Re: HBaseClient.call() hang

Posted by Bryan Keller <br...@gmail.com>.

It seems there was a cascading effect. The regionservers were busy with scanning a table, which resulted in some long GC's. The GC's were long enough to trigger the Zookeeper timeout on at least one regionserver, which resulted in the regionserver shutting itself down. This then caused the Object.wait() call which got stuck, and only exited after the very long RPC timeout.
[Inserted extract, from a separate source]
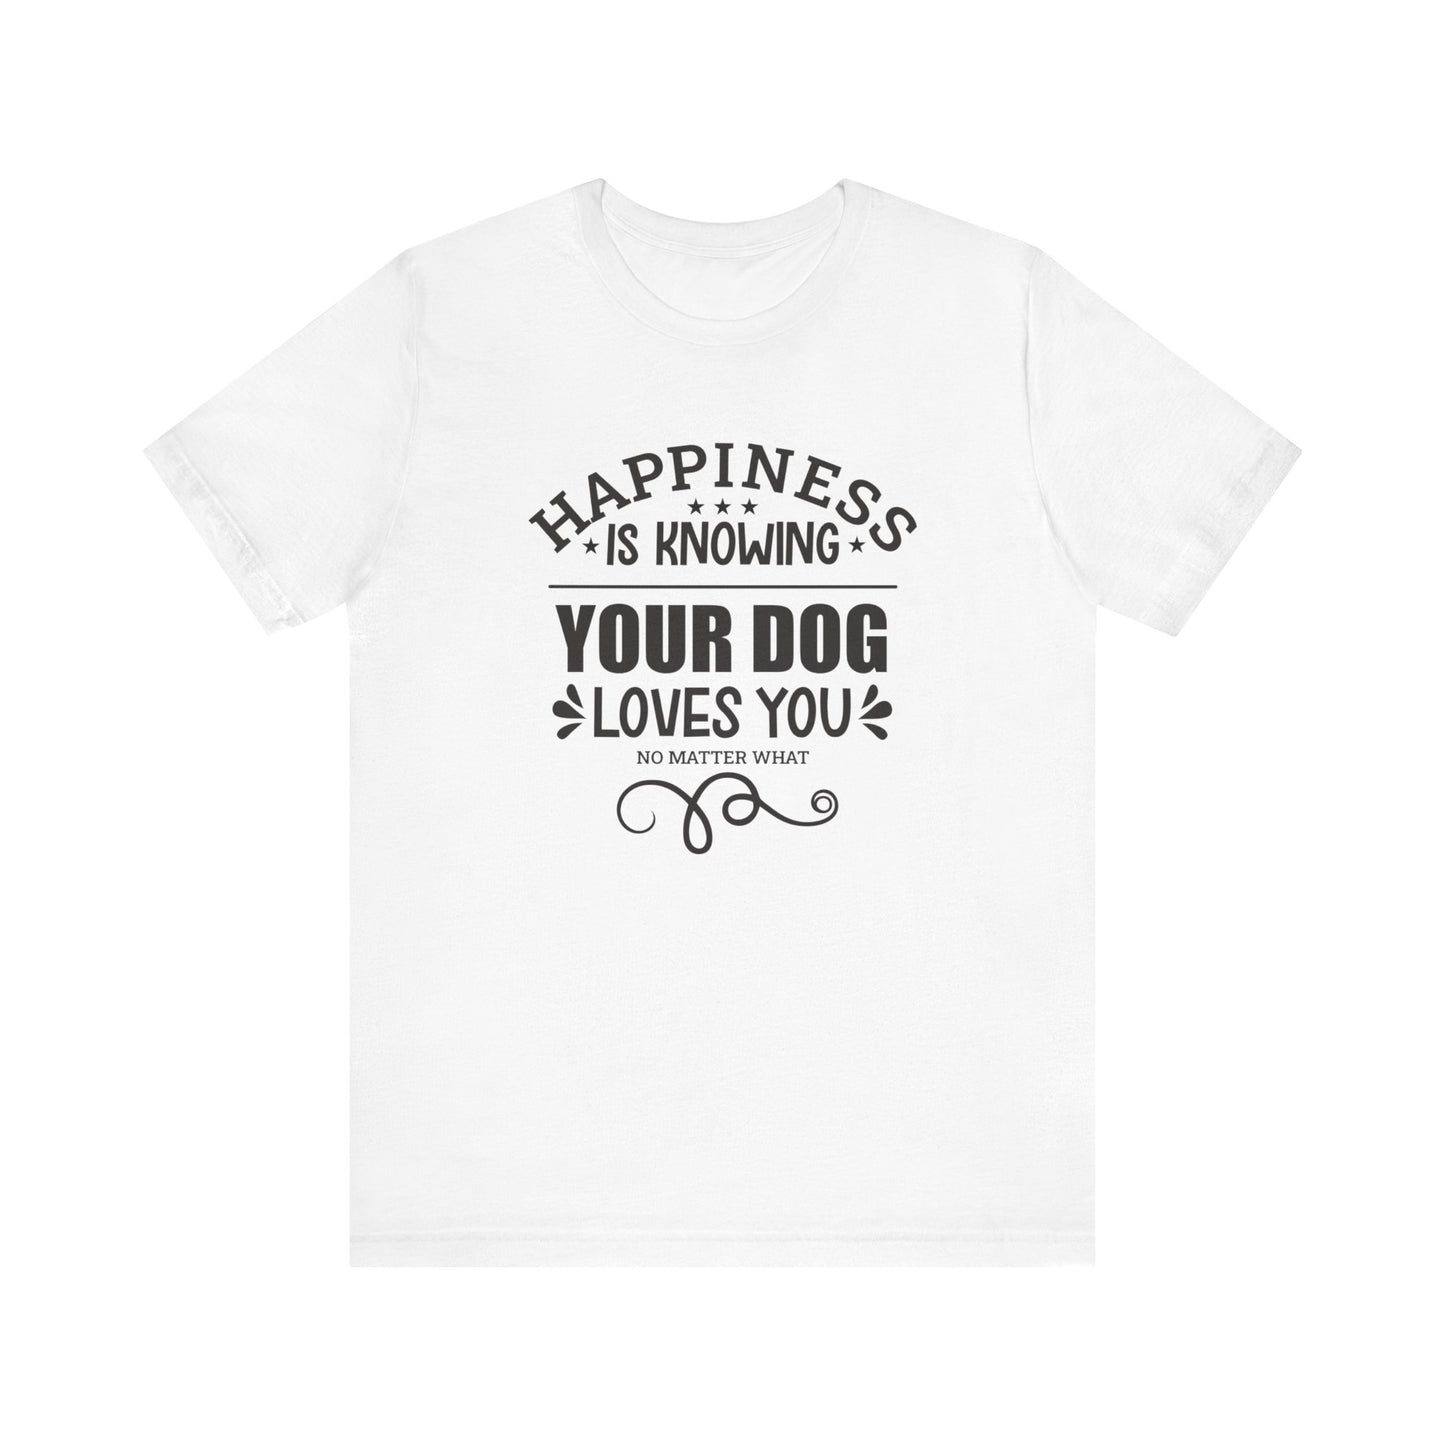 On a white canvas, a white unisex t-shirt features the slogan 'Happiness is knowing your dog loves you no matter what,' by Dogs Pure Love.

I have done a fair amount of work optimizing the GCs, and I increased the regionserver timeouts, which should help with the regionserver shutdowns. But if a regionserver does shut down for some other reason, this will still result in the Object.wait() hang.

One approach might be to have the regionservers send back a keep-alive, or progress, message during a scan, and that message would reset the RPC timer. The regionserver could do this every x number of rows processed server-side. Then the RPC timeout could be something more sensible rather than being set to the longest time it takes to scan a region.

HBASE-5416 looks useful, it will make scans faster, but the problem I'm encountering will still be present, but perhaps I could set the RPC timeout a bit lower. HBASE-6313 might fix the hang, in which case I could live with the longer RPC timeout setting.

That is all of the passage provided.